The large number of EtOH-YPD dynamic nucleosomes provides an opportunity to determine the biological functions of each category as well as the relationship among them (Fig. 4). Of the 2205 EtOH-YPD dynamic nucleosomes, 383 show position shifts between 50 bp and 90 bp, 235 show fuzziness changes based on F-test P-value cutoff 1 × 10−7, 545 show strong occupancy changes by a Possion test P-value cutoff 1 × 10−7 with little fuzziness changes (F-test P-value > 1 × 10−5) (Fig. 4A,B), 126 carry both fuzziness and occupancy changes and thus were not included in the downstream analysis. The remaining dynamic nucleosomes cannot be categorized into any group. Nucleosome position shifts show little overlap with occupancy changes or fuzziness changes with Fisher's exact P-values greater than 0.99. The fuzziness changes and position shifts are highly enriched on promoters (Fig. 4C), with 29.58% and 30.77% located in the region from −350 bp to +50 bp flanking TSS, whereas occupancy changes are more likely to be enriched on gene bodies. Each nucleosome dynamic category shows unique specificity in its association with biological processes (Fig. 4D). The fuzziness changes have strong specificity to mitochondrial functions, e.g., the ion transport (GO:0006811) and oxidation (GO: 0055114) processes, whereas the occupancy changes are more specific to energy derivation in the metabolic processes (GO:0006091 and GO: 0015980). The major functions of nucleosome position shifts appear to be the metabolic processes of hexose (GO:0019318) and vacuolar proteins (GO:0007039). Interestingly, nucleosome position shifts seem to be more related to environmental factors such as temperature (GO:0009266). Collectively, these dynamic nucleosomes are all involved in functions related to energy deviation by oxidation of organic compounds, supporting the fact that they are all dynamic nucleosomes and are functionally related to the shift between EtOH and YPD media.

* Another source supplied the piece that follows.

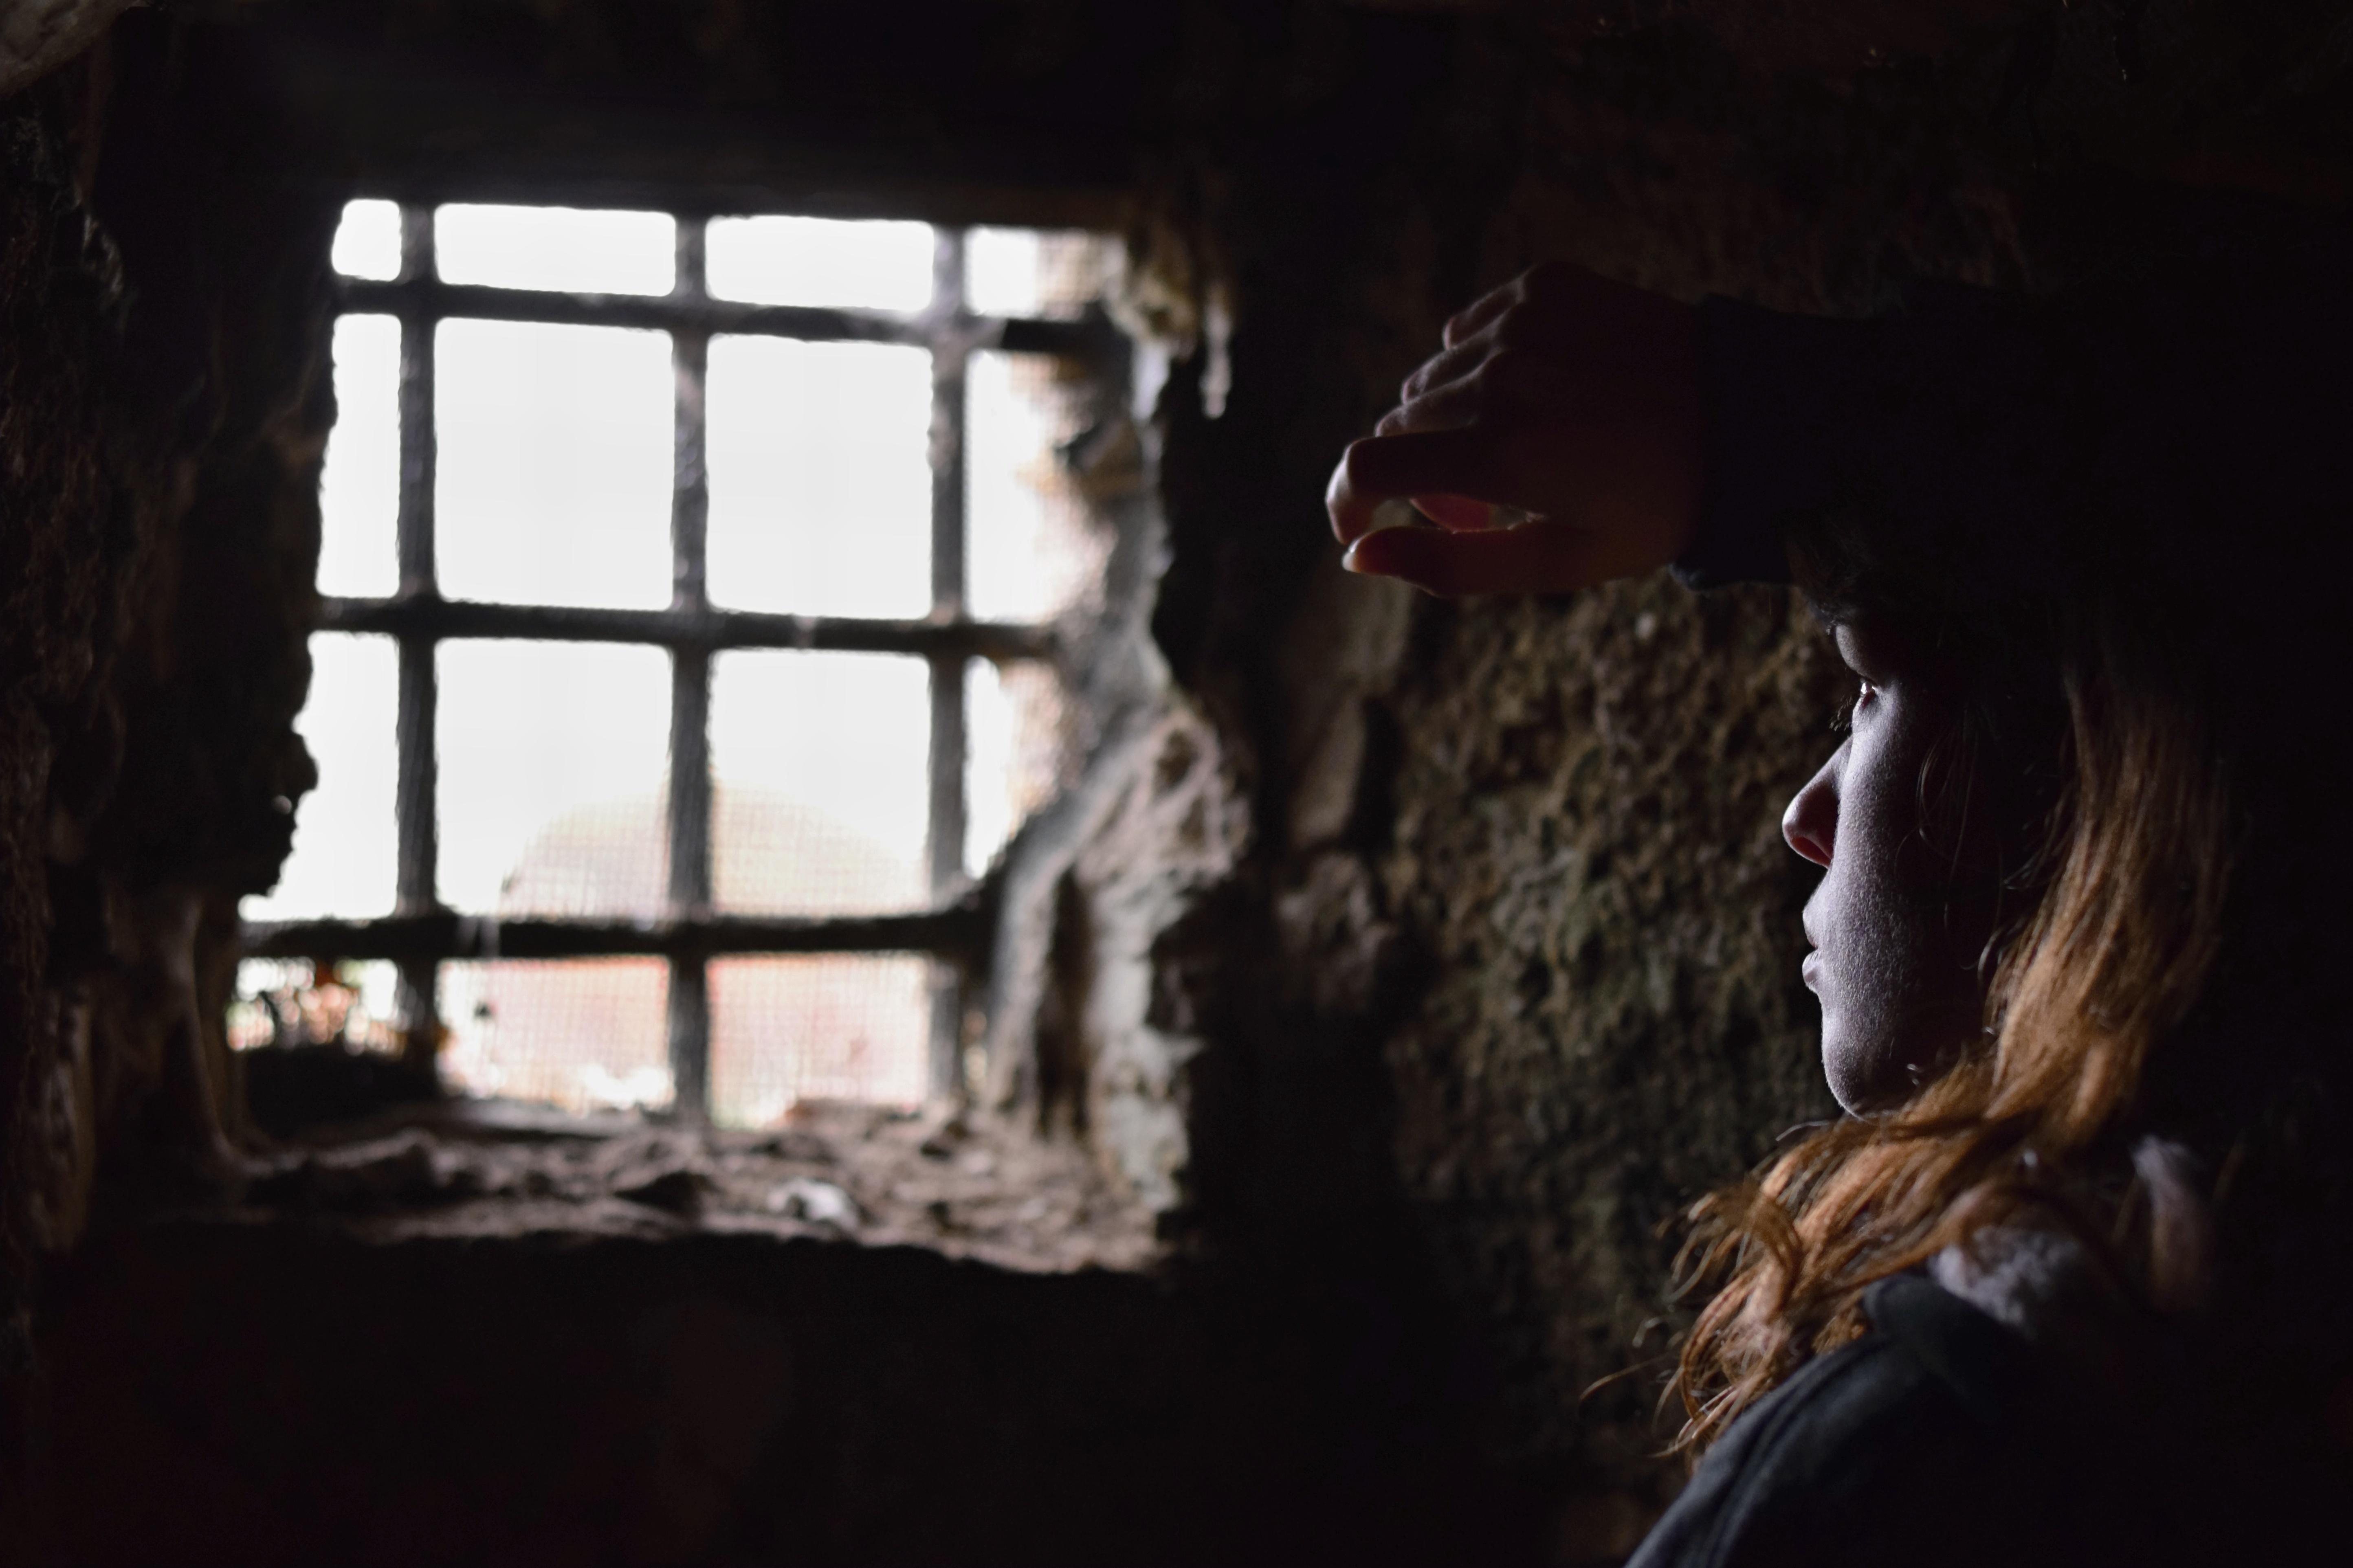 imprisoned by fear

One caveat in the detection of the fuzziness change is that the single nucleotide resolution Poisson test initially used to define total differential peaks was not a direct test of fuzziness per se. Therefore, we asked whether there are “false negative” fuzziness changes that might have been missed by the initial identification of total differential peaks but could be rescued by the nucleosome resolution F-test. We found 75 genes associated with 117 such nucleosomes. However, there was no function term enriched with these genes (Supplemental Table S1, top). Adding these rescued nucleosomes back to our original analysis impeded the functional interpretation of fuzziness changes (Supplemental Table S1, middle). A careful examination of these 117 nucleosomes indicated that they only exhibit marginal fuzziness changes, which may not be biologically significant. Thus, we conclude that DANPOS can faithfully detect all major fuzziness changes. Taken together, these results indicate that DANPOS is able to distinguish different categories of dynamic nucleosomes, each of which may have unique biological functions.

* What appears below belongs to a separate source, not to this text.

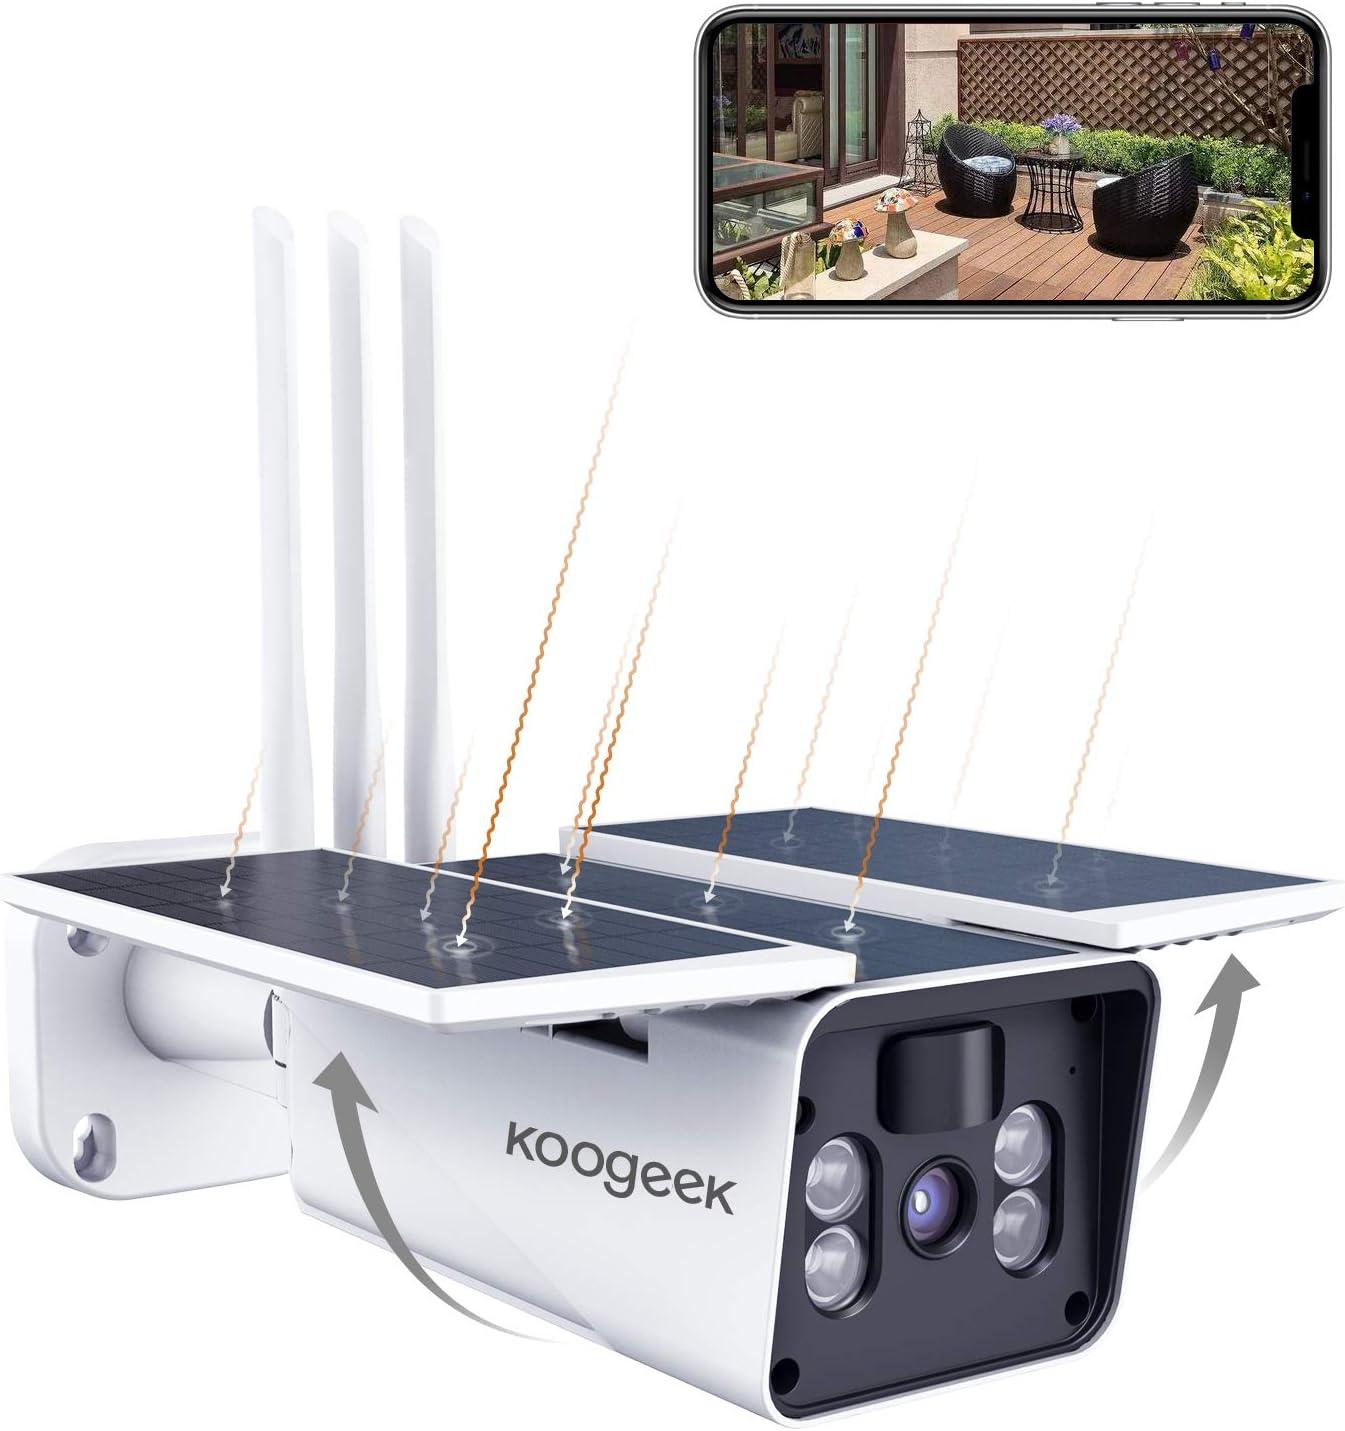 2021 Nueva Versión Koogeek Camara Vigilancia WiFi Exterior IP67,Camara de Vigilancia Exterior 1080P,Ángulo de Visión Amplio de 120°,Sin Cable,Detección de Movimiento,Alarma en Tiempo Real

The current sequencing depth does not reach saturation for nucleosome dynamic analysis

Although the number of reads required to detect static nucleosomes is generally known (Zhang and Pugh 2011), the required depth of sequencing for detecting dynamic nucleosomes between different conditions is largely unexplored. An important question is whether the sequencing depth has reached a saturation point beyond which no additional functional dynamic nucleosome can be detected. Considering that each nucleosome plus its linker sequence is ∼200 bp (Zhang and Pugh 2011), the 12, 15, and 24 million sequencing reads obtained for the Gal, EtOH, and YPD samples have covered the yeast genome (12 Mb) at 200-, 250-, and 400-fold, respectively. We randomly sampled 20 subsets with read counts ranging from 1% to 100% of the total reads. DANPOS then produced a saturation plot to report the proportion of dynamic nucleosomes that could still be detected when using a subset of the reads (Fig. 5). If the sequencing depth exceeded saturation, the number of dynamic nucleosomes will reach a plateau with an increasing number of reads. However, we found that neither the Gal-YPD nor the EtOH-YPD data set was saturated. The number of dynamic nucleosomes keeps increasing with an increasing number of reads.

Figure 5.

Figure 5.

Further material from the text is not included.